- **What is required**
Write out the data below in full, unchanged, minus the images.

- **Given data**
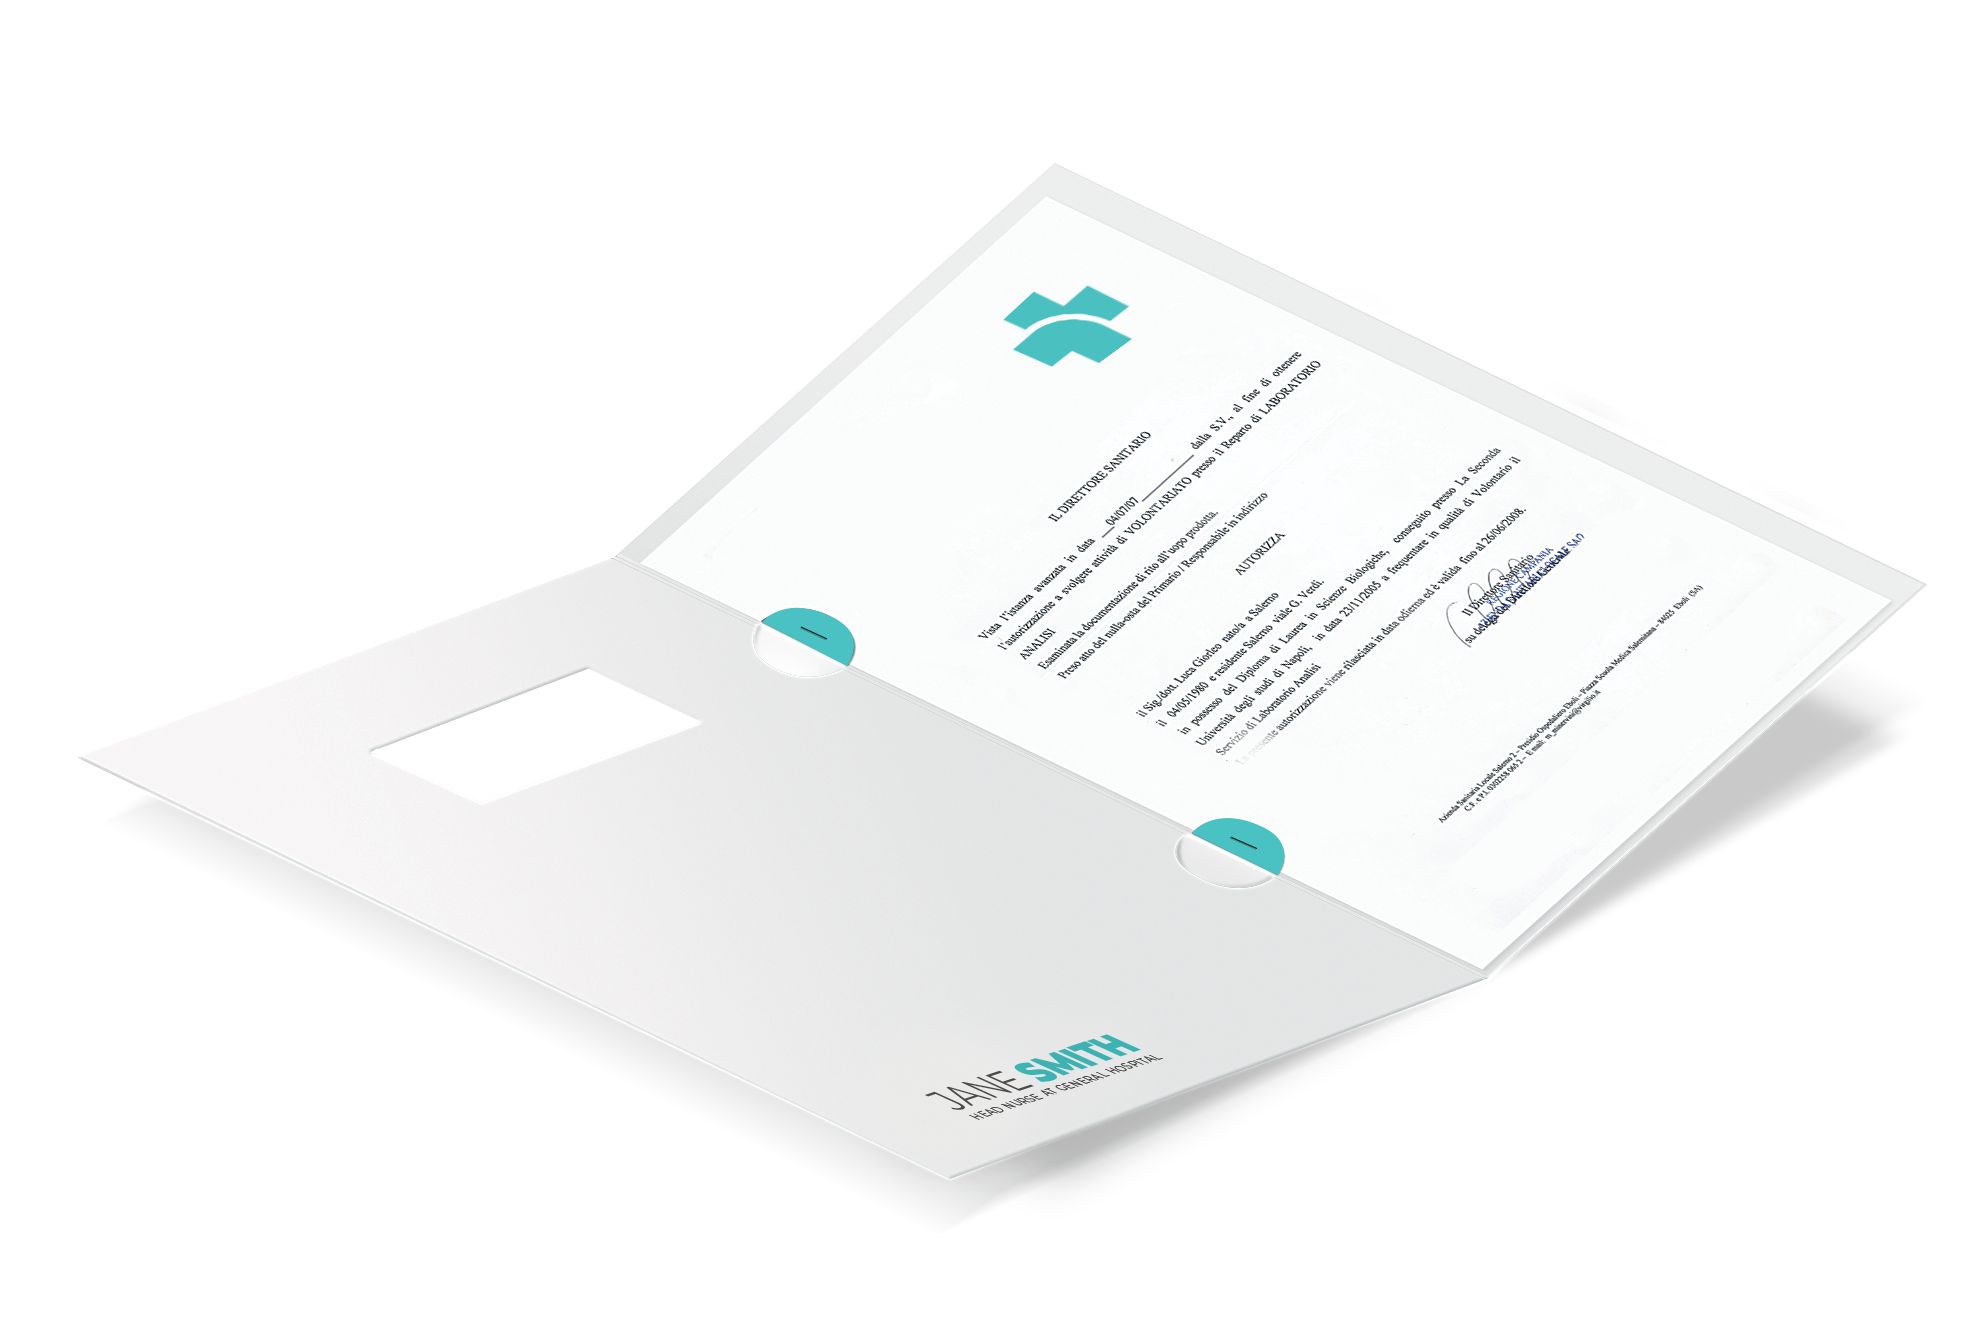 Medical file folders: * Useful and professional
* Finishings available
* Templates ready

- **Task result**
 Medical file folders: * Useful and professional
* Finishings available
* Templates ready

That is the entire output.